所以現在各位在螢幕上看到的 確實是由舞台上音樂家樂曲 的音樂結構所擘畫出來的, 它們不出意外的看起來像是植物, 因為其背後的植物生物演算法 會啟發這樣的音樂結構。 因此一旦你知道這樣的手法, 一旦你會利用媒介寫程式碼, 你就可以做出一些很酷的東西。
This is a project I did for the Sundance Film Festival. Really simple idea: you take every Academy Award Best Picture, you speed it up to one minute each and string them all together. And so in 75 minutes, I can show you the history of Hollywood cinema. And what it really shows you is the history of editing in Hollywood cinema. So on the left, we've got Casablanca; on the right, we've got Chicago. And you can see that Casablanca is a little easier to read. That's because the average length of a cinematic shot in the 1940s was 26 seconds, and now it's around six seconds.

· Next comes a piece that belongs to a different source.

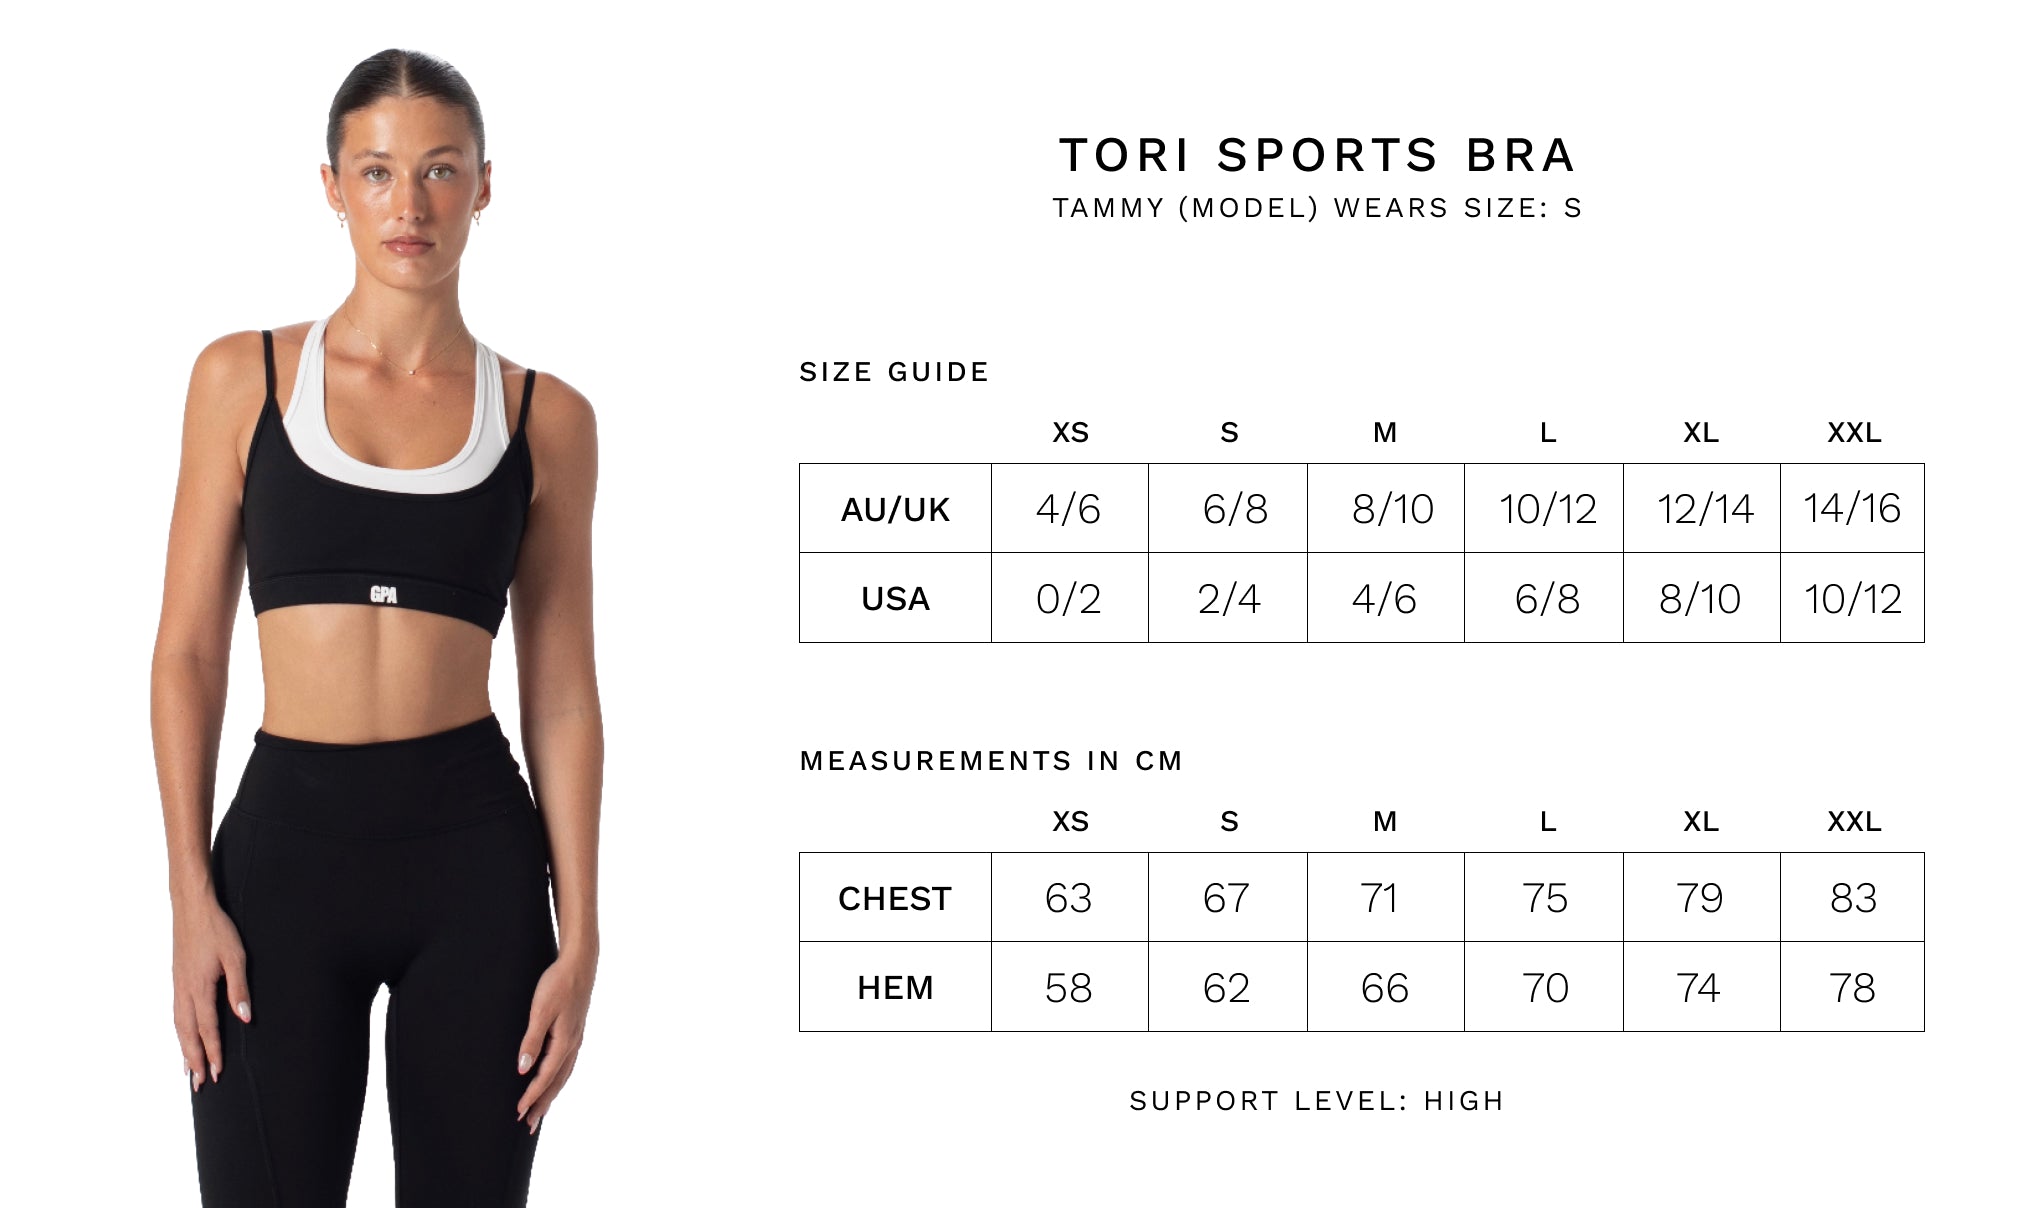 Tori Sports Bra Size Guide

這是我為《日舞影展》做的案子, 概念很簡單:你把奧斯卡 年度最佳影片收集起來, 然後加速成一分鐘的版本, 再把它們全接起來。 所以在這 75 分鐘裡,大家可以 看到好萊塢電影的歷史脈絡, 而它所要呈現的就是, 好萊塢電影的剪接史。 所以左邊我們有卡薩布蘭加, 右邊則是芝加哥, 比起來這個速度下的 卡薩布蘭加還看得懂 因為 1940 年代的電影拍攝, 一個場景的平均長度是 26 秒, 而如今約為 6 秒。
This is a project that was inspired by some work that was funded by the US Federal Government in the early 2000s, to look at video footage and find a specific actor in any video. And so I repurposed this code to train a system on one person in our culture who would never need to be surveilled in that manner, which is Britney Spears. I downloaded 2,000 paparazzi photos of Britney Spears and trained my computer to find her face and her face alone. I can run any footage of her through it and will center her eyes in the frame, and this sort of is a little double commentary about surveillance in our society. We are very fraught with anxiety about being watched, but then we obsess over celebrity.
這個專案的啟發自 2000 年代早期由美國 聯邦政府資助的研究 能夠在任何影片內 搜尋到特定演員。 我改寫了它的程式碼, 訓練出一套系統, 去識別一個在我們文化裡 永遠不需要被這樣監視的人物 也就是小甜甜布蘭妮。 我下載了 2000 張她被 狗仔隊拍到的照片, 並訓練我的電腦 去找出她的臉, 只呈現出她的臉。 透過程式我可以播放任何她的片段, 並且自動讓她的眼睛置於畫面中央, 表達我們對監視的雙重標準的省思, 我們很擔心害怕被受到監視, 但同時我們卻又很愛 監視名人的一言一行。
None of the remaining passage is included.